Kepala SMPN 9 Kwamki Narama Mimika, Martha Welma Benamen, S.Pd., menyatakan bangunan sekolah dan sarana penunjang pendidikan saat ini masih jauh dari memadai. Sekolah tersebut belum memiliki pagar, lapangan olahraga, perpustakaan, maupun laboratorium IPA.

“Silakan lihat sendiri kondisi gedung dan fasilitasnya, boleh dibilang belum cukup. Harapan kami, Pemkab bisa menyalurkan bantuan,” ujarnya saat dikunjungi Salampapua.com, Jumat (24/4/2026).

Meski demikian, secara kualitas tenaga pendidik di sekolah itu dinilai memadai. Seluruh guru telah memenuhi sertifikasi kompetensi dari tingkat provinsi maupun pusat. Selain itu, walaupun berada di wilayah pinggiran, SMPN 9 tercatat dalam data Kementerian Pendidikan sebagai salah satu sekolah yang aktif menjalankan kurikulum.
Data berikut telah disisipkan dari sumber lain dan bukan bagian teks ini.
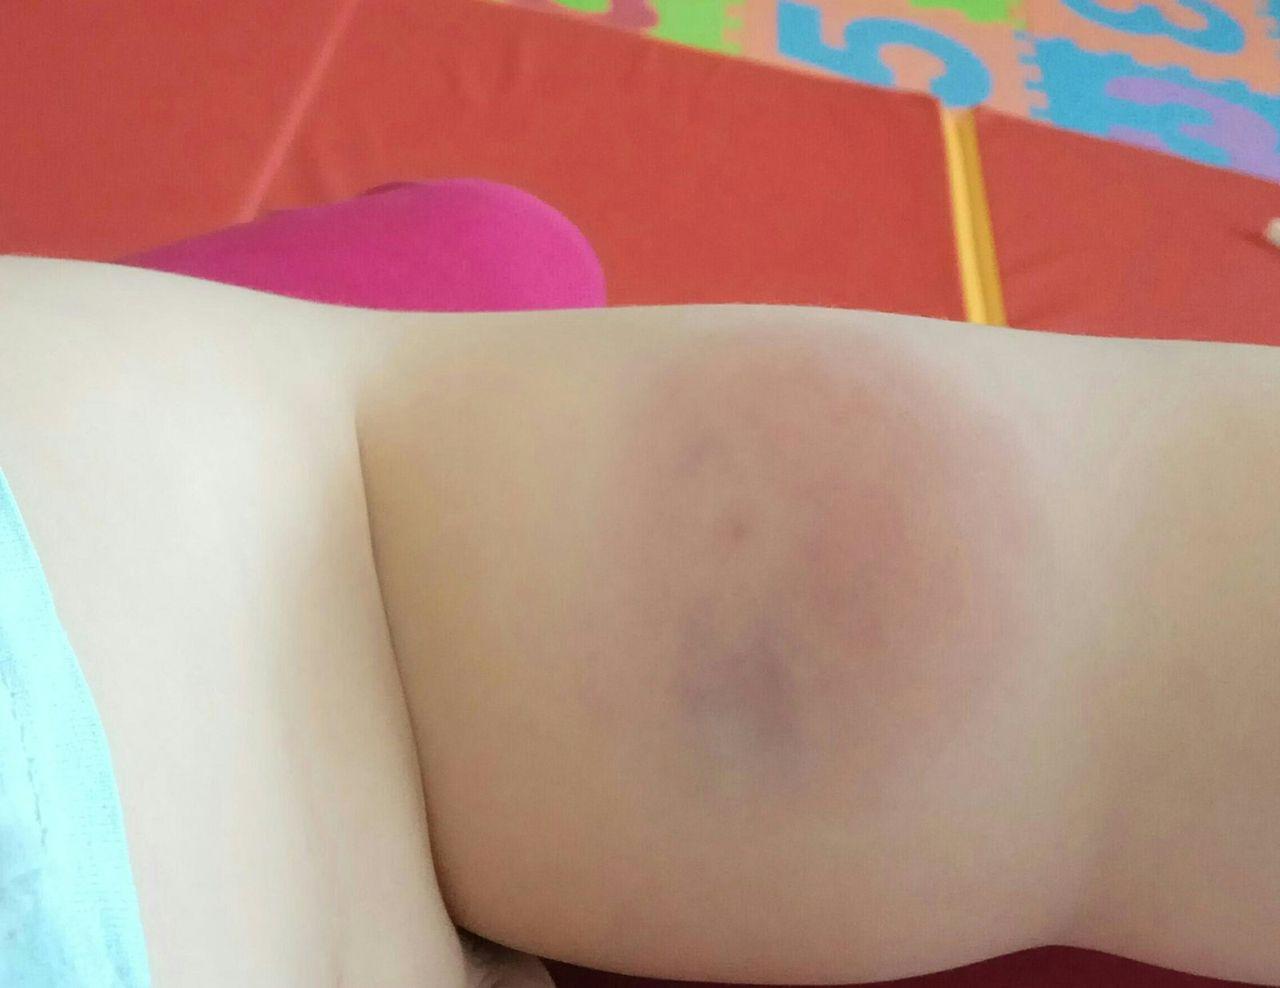 После прививки в частном детском медцентре у маленького кемеровчанина начался отек ноги / VSE42.RU Новости

“Sekolah ini masuk dalam daftar sekolah yang paling aktif, khusus di wilayah pinggiran,” katanya.

Saat ini jumlah siswa tercatat sebanyak 120 orang dan sebagian besar berdomisili di kampung-kampung yang kerap mengalami konflik antarkelompok.

Dalam situasi tersebut, para guru tetap berupaya mendatangi rumah siswa untuk melakukan absensi sekaligus memberikan materi pembelajaran agar proses belajar tidak terhenti.

“Kami punya sistem atasi masalah tanpa masalah, jadi guru-guru tetap datangi rumah masing-masing anak yang berada di lokasi konflik. Kami tidak mau anak-anak kami ketinggalan pelajaran,” ucapnya.